Possum Trot hosted 16 Brazilian farmers for lunch and a tour on October 28th. They were on a South Florida farm tour after attending the PMA (Produce Marketing Association) meeting in Orlando. The farmers first visited Burr’s Berry Farm, and owner Charles Burr and his wife accompanied them for lunch here. Stuffed jackfruit pouches and boiled jackfruit seeds, with pumpkin sauerkraut soup, and wood oven fired bread sticks started out the meal. Wood oven roasted betel potato and carrots, and carambola glazed wood roasted chicken followed as the main course. Carambola pie with cas guava ice cream finished the meal. Homemade jaboticaba and bignay tropical fruit wines accompanied the meal. A tour of the plantings finished my portion of their farm tour day of South Florida.
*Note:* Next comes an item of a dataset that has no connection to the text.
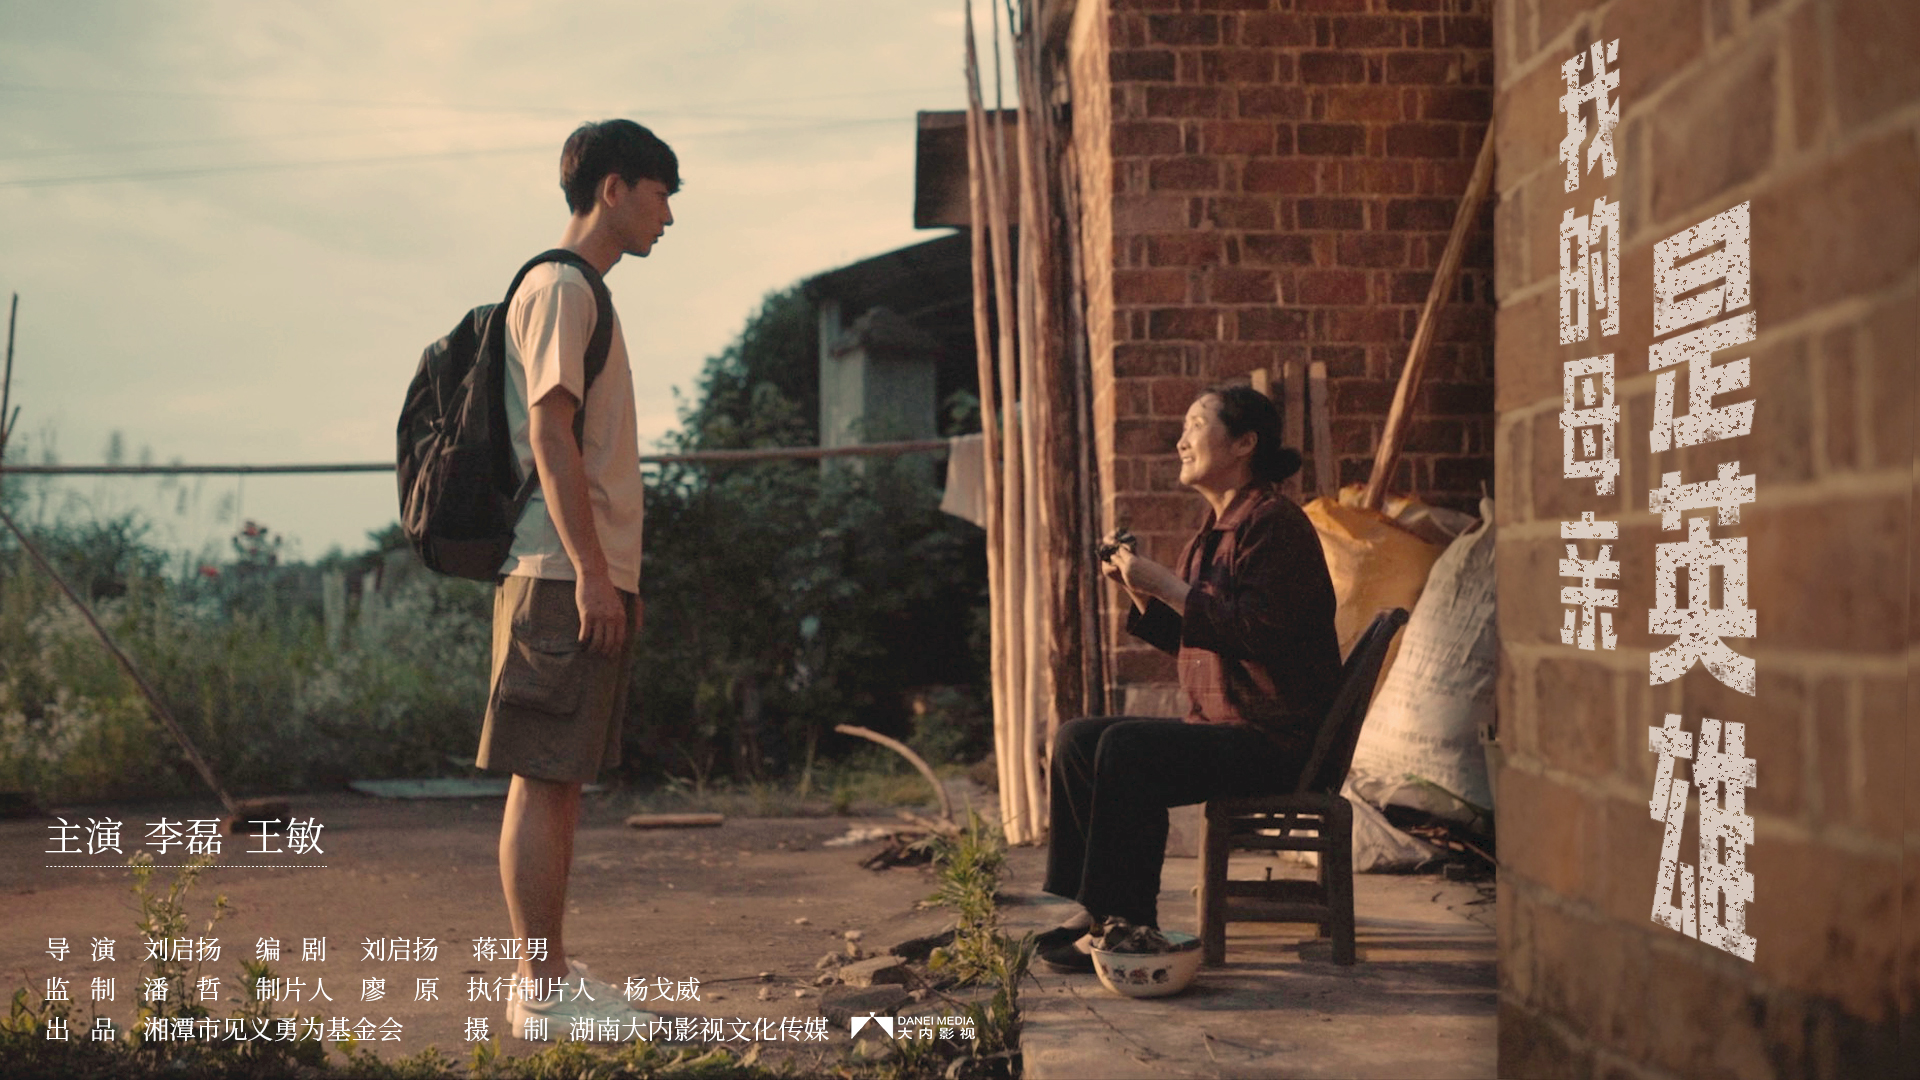 微电影《我的母亲是英雄》: 诠释平凡中的不平凡

The Cantankerous Chef would be delighted to host your next event. Lunch or dinner includes a tour of his 40 acre grove of tropical fruit trees. For information and reservations, call Robert Barnum at 305-235-1768 or email possumplentious(at)yahoo.com.


Tropical table setting of cas guava, star fruit, longans and rangpur limes, all grown at Possum Trot. Carafes contain jaboticaba and bignay fruit wines. Only the pumpkin isn't local!

Brazilian framers and the Burrs seated at the rustic table in Robert Barnum's home.

Bread that had been baked in the outdoors wood oven.

Wood oven roasted chicken, and betel-seasoned potatos and carrots.

Brazilian farmers with Robert Barnum (back row, third from right).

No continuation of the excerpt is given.